Even if the $130 eight-course tasting menu at Michelin-starred Cyrus (421 Healdsburg at North, 707-433-3311, www.cyrusrestaurant.com) is out of reach, there's always the option of dessert and a nightcap at the elegant, mellow bar. A recent selection — passionfruit sorbet with white miso custard in a pool of chilled white peach soup, topped with a drop of olive oil and accompanied by a sesame cracker — was a three-bite wonder totally worth its $10 price tag.

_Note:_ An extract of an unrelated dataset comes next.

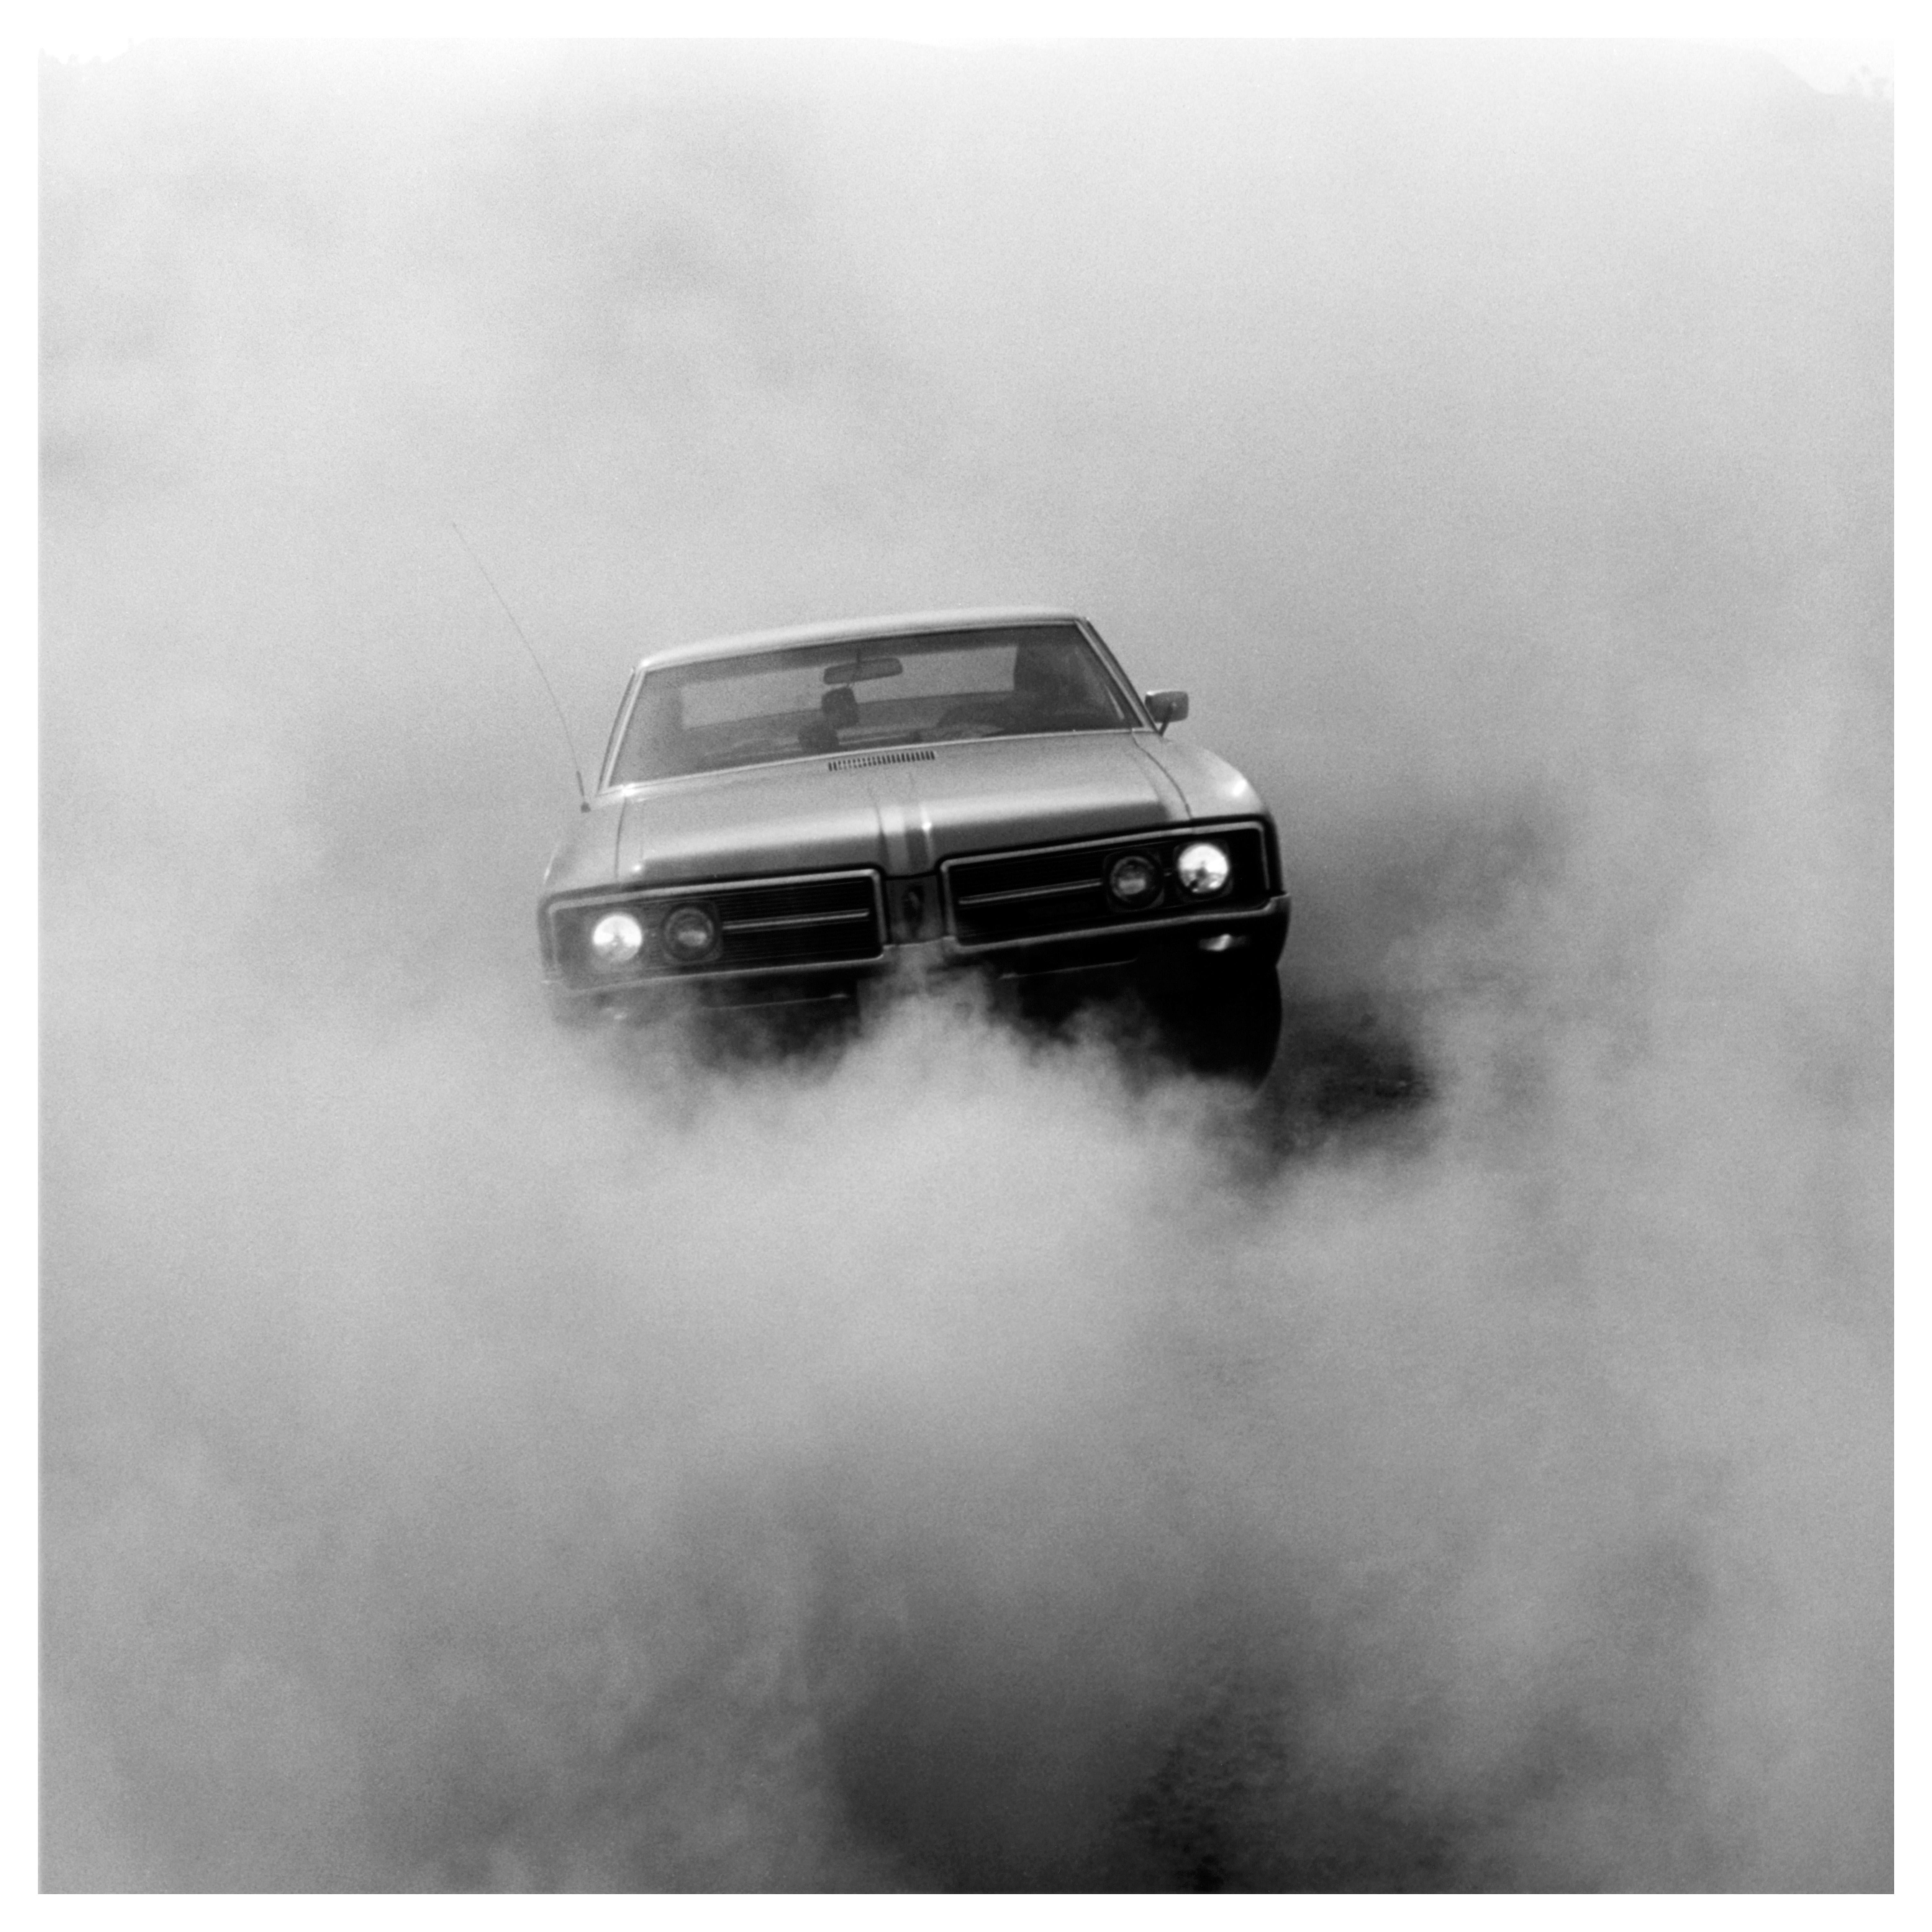 Buick in the Dust, Hemsby - Black and White Square Car Photography

Healdsburg bills itself as a haven for antique hunters, with its popular annual Antique Fair and dealers like Healdsburg Classics (226 Healdsburg at Matheson, 707-433-4315). But don't overlook more modern retail spots like 14feet (325 Center at Plaza, 707-433-3391, www.14feet.net), with mid-20th-century furniture, vintage industrial pieces, and cheeky touches like the grandma-style antique china with delicately painted words like HUSSY and MOTHERFUCKER.

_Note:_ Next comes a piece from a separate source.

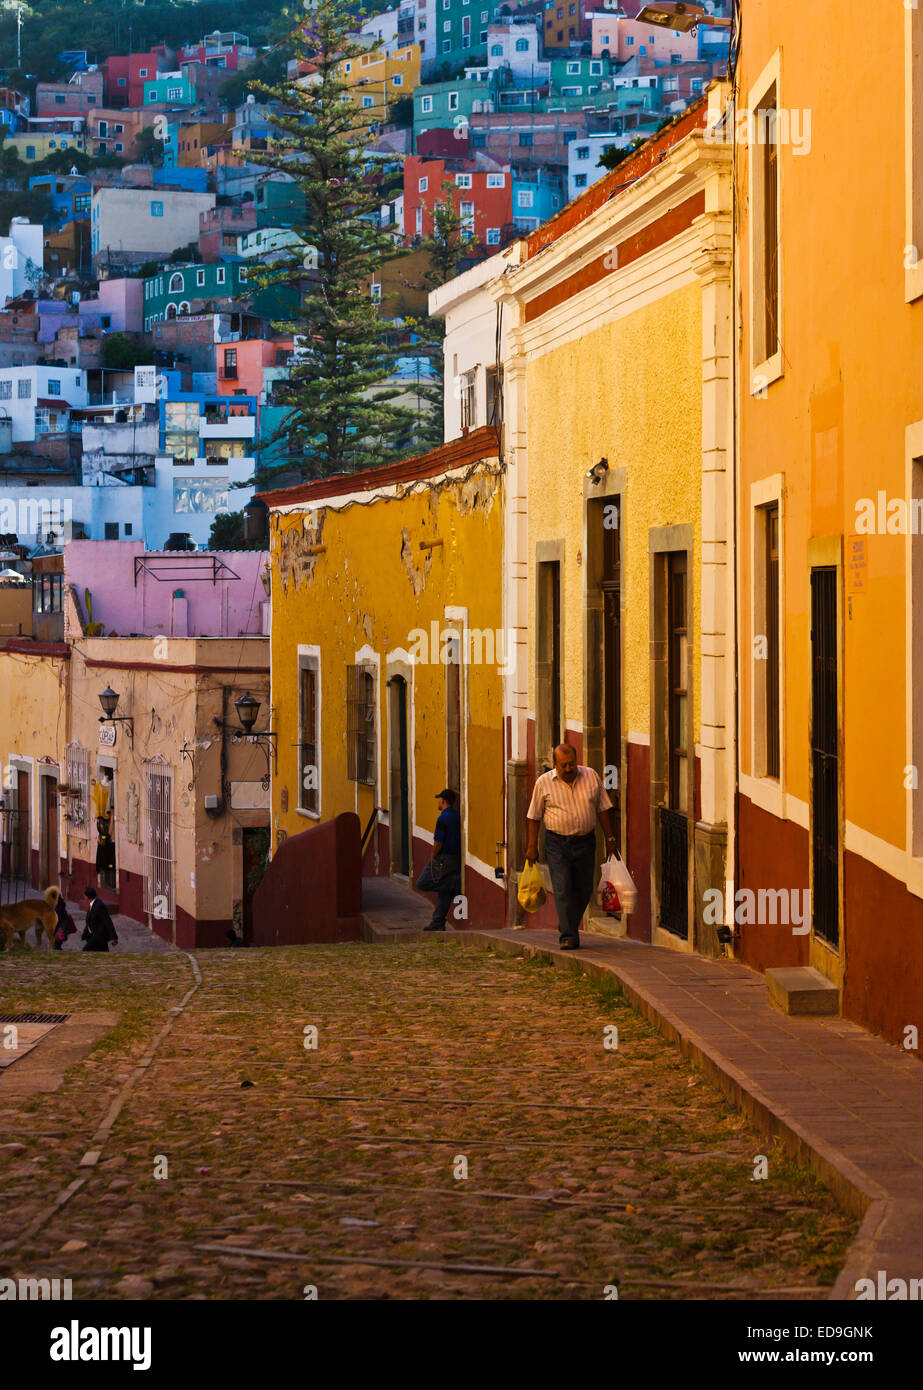 Colorful buildings in the town of GUANAJUATO, MEXICO Stock Photo

On the plaza are upmarket spots such as luxury bath-and-body emporium La Farmacista (155 Plaza at Center, 707-473-0382, www.healdsburgfarmacista.com), run by a fourth-generation Healdsburgian; and Rainsong Shoes (117 Plaza at Center, 707-433-8058, www.rainsongshoes.com), with a great collection of shoes and boots from brands like Cydwoq, Tsubo, and Pikolinos. You'll also find chic giftables and kitchen-and-home accessories at the Hotel Healdsburg's in-house Lime Stone (315 Healdsburg at Matheson, 707-433-3080, www.limestonehealdsburg.com), owned by famed chef Charlie Palmer and his wife, Lisa. Venturing just a bit off the plaza yields fun finds like The Red Paprika (377 Healdsburg at Plaza, 433-6087, www.theredpaprika.com), a Hungarian gourmet import shop that carries German mustards and Swiss chocolates in addition to its wide array of goulash spice pastes.
Arts and Culture
Brush up on local history at the Healdsburg Museum (221 Matheson at East, 707-431-3325, www.healdsburgmuseum.org) or check out Hotel Healdsburg's onsite Hand Fan Museum (327A Healdsburg at Matheson, 707-431-2500, www.handfanmuseum.com), which cares for a collection of more than 3,000 items. When the hotel opens its new green property, h2, this summer, the museum will move into bigger digs.
The village is home to several galleries, including the quirky-cool id: art. design. (126 Plaza at Center, 707-473-0200), where visitors are invited to peck out messages on vintage typewriters and scribble thoughts on chalkboards. You can also catch summer productions at the historic Raven Performing Arts Theater (115 North at Center, 707-433-6335, www.raventheater.org), or a "Hollywood and Wine" screening at the nearby Raven Film Center (415 Center at North, 707-522-0330, www.northbaymovies.com/raven.html), where cinephiles over the age of 21 can imbibe during the movie from the comfort of a high-backed leather armchair.